[Data segment]
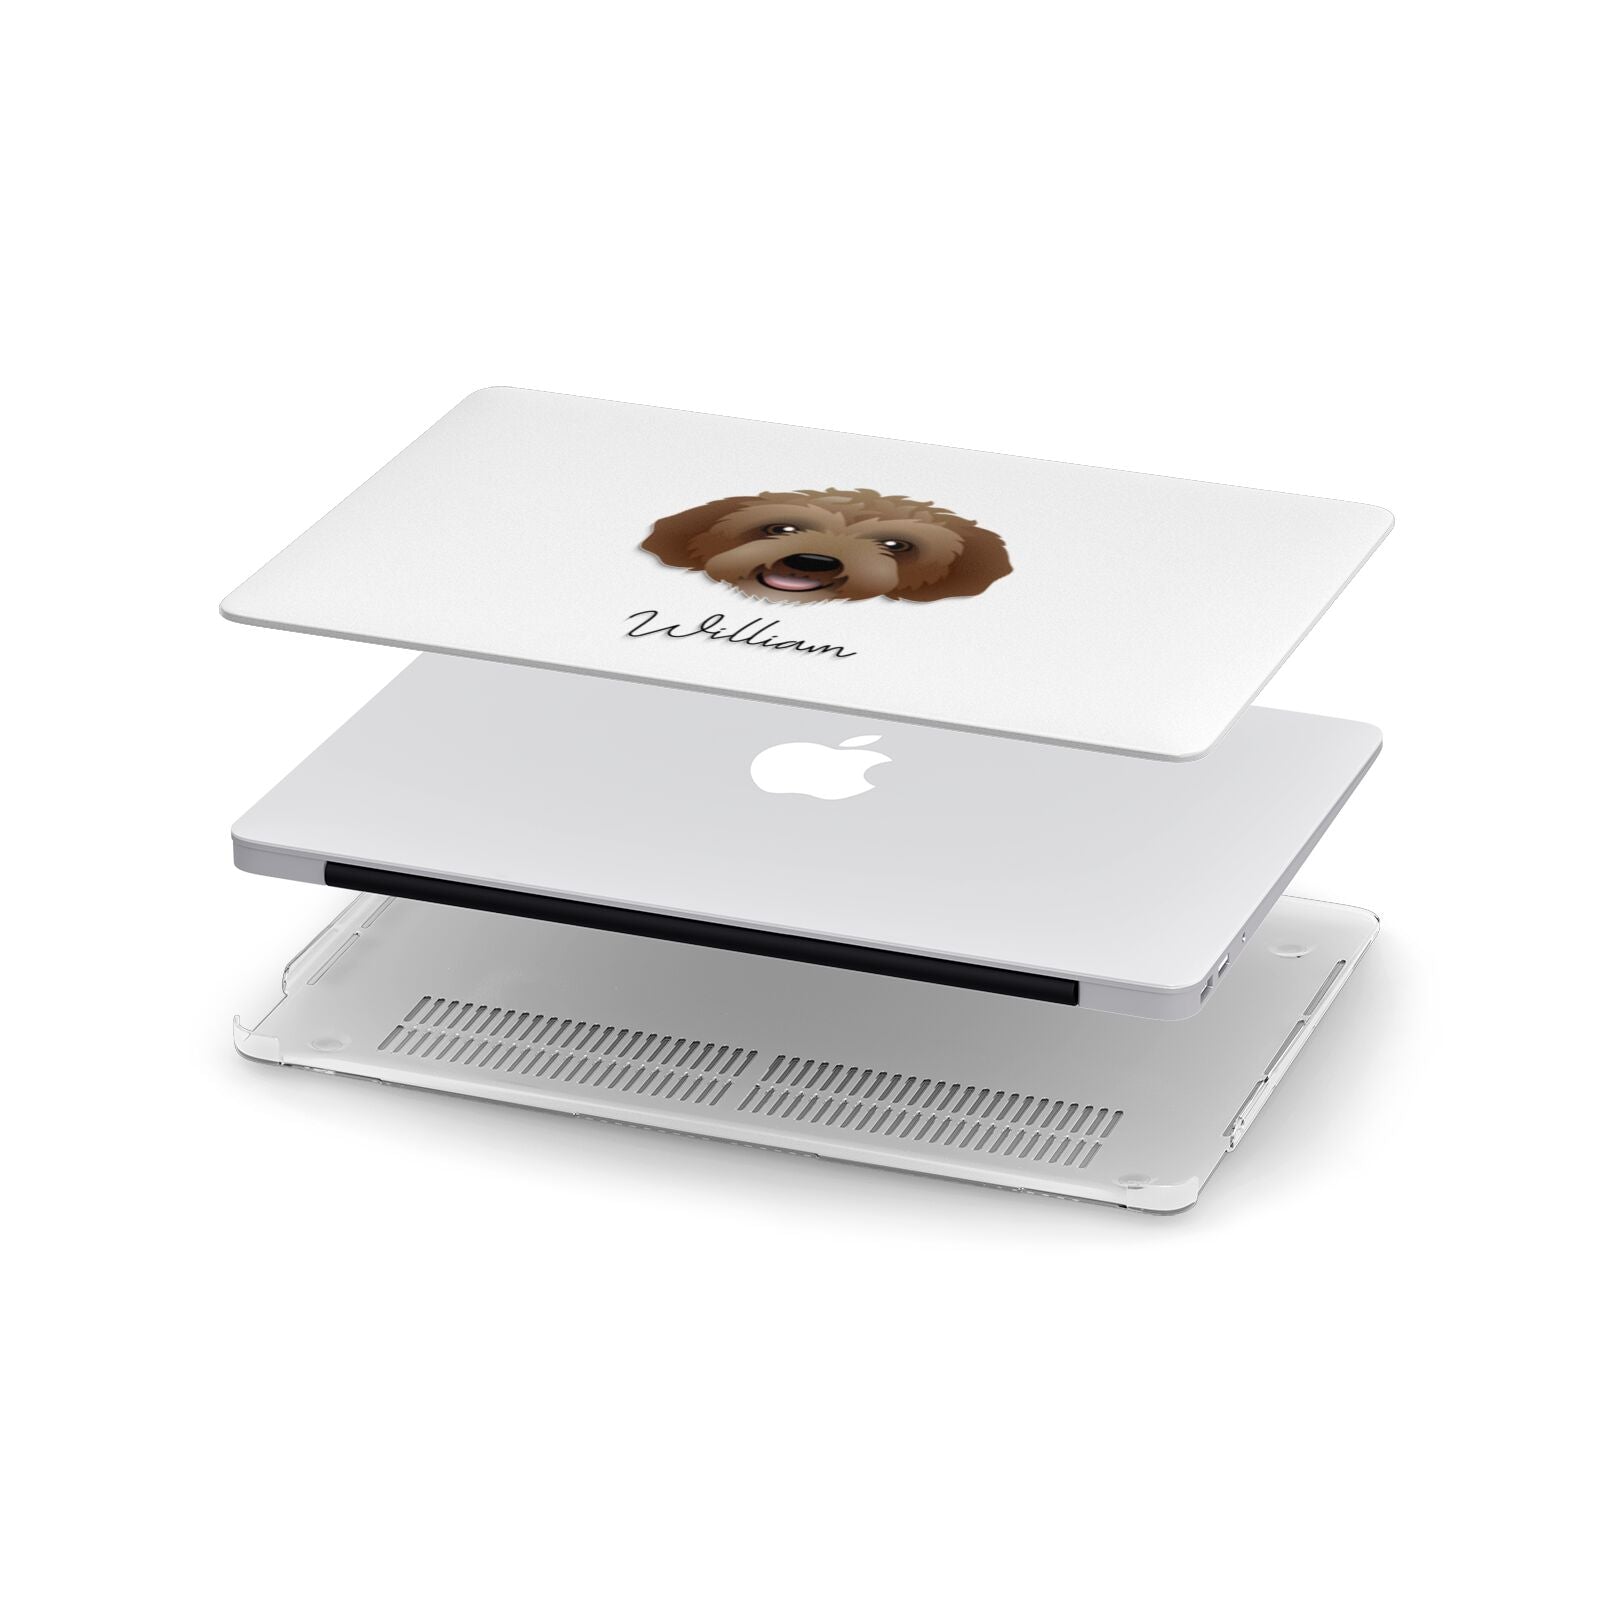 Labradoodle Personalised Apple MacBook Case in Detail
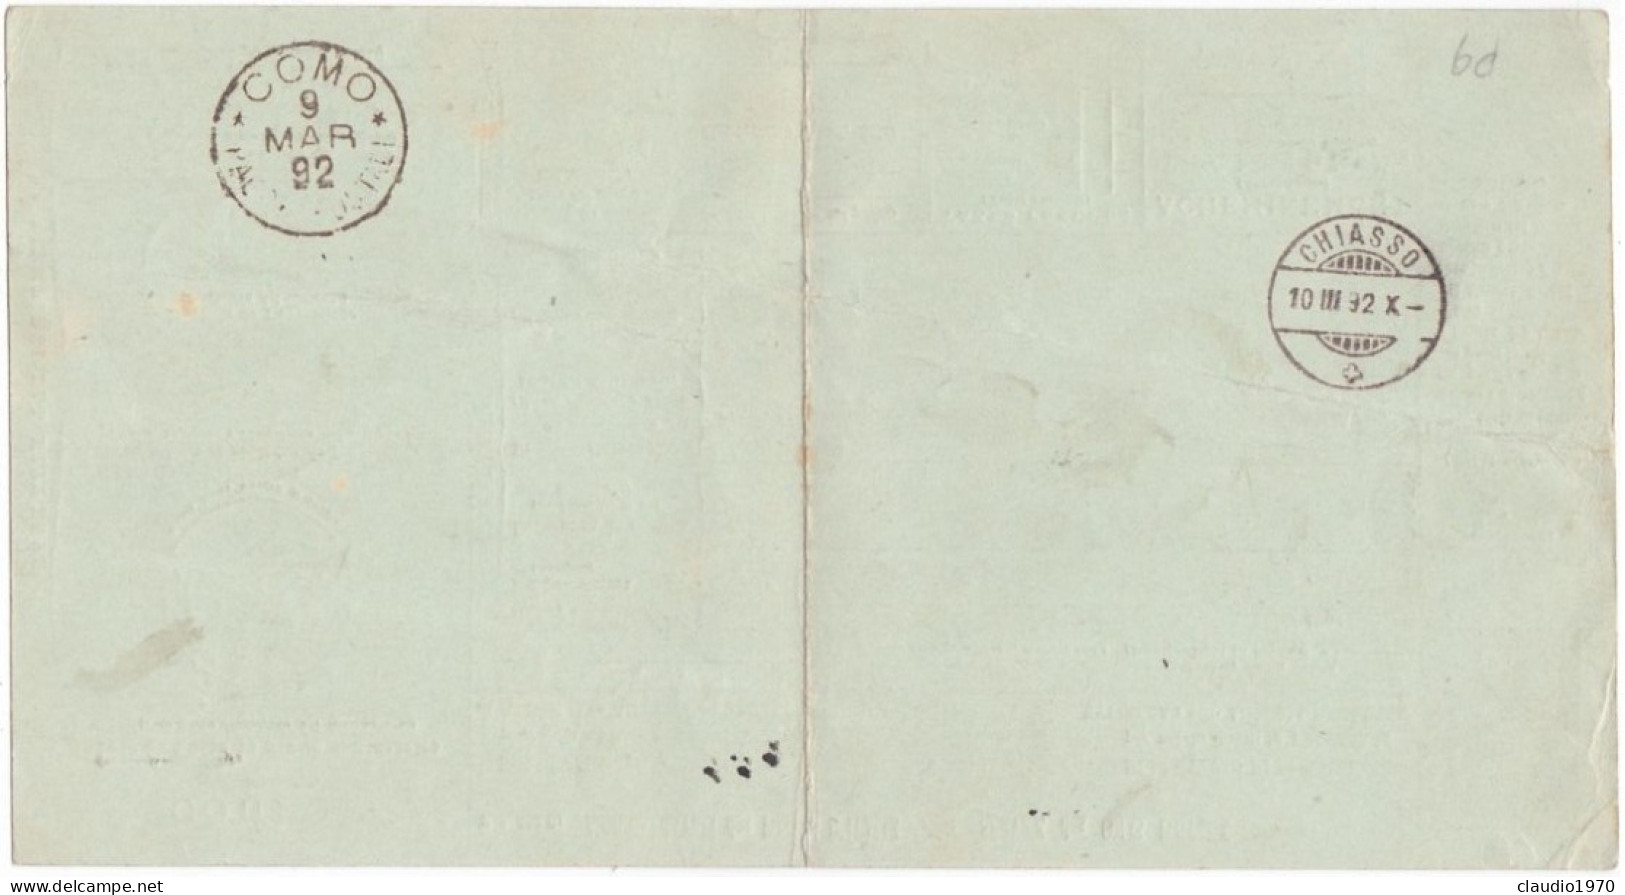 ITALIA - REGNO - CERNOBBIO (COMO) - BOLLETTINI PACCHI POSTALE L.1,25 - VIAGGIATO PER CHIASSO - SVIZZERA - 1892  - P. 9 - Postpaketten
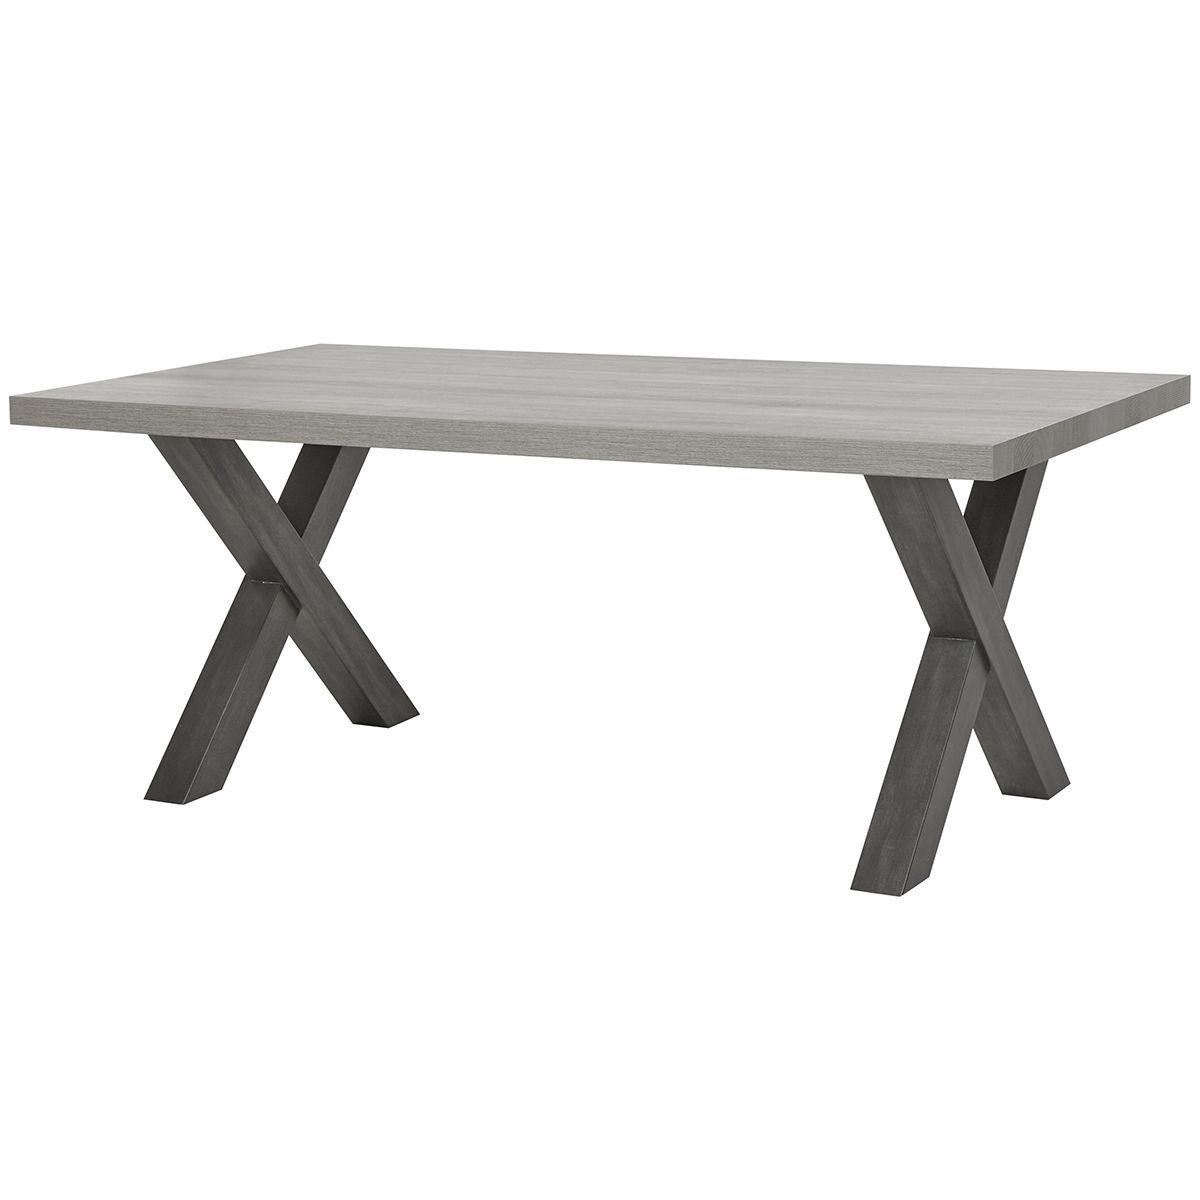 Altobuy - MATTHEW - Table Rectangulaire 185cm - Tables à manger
[/Data segment]
● Action item:
An exact copy of every line above, minus the pictures, is the required output.

● Finished task:
 Labradoodle Personalised Apple MacBook Case in Detail
 ITALIA - REGNO - CERNOBBIO (COMO) - BOLLETTINI PACCHI POSTALE L.1,25 - VIAGGIATO PER CHIASSO - SVIZZERA - 1892  - P. 9 - Postpaketten
 Altobuy - MATTHEW - Table Rectangulaire 185cm - Tables à manger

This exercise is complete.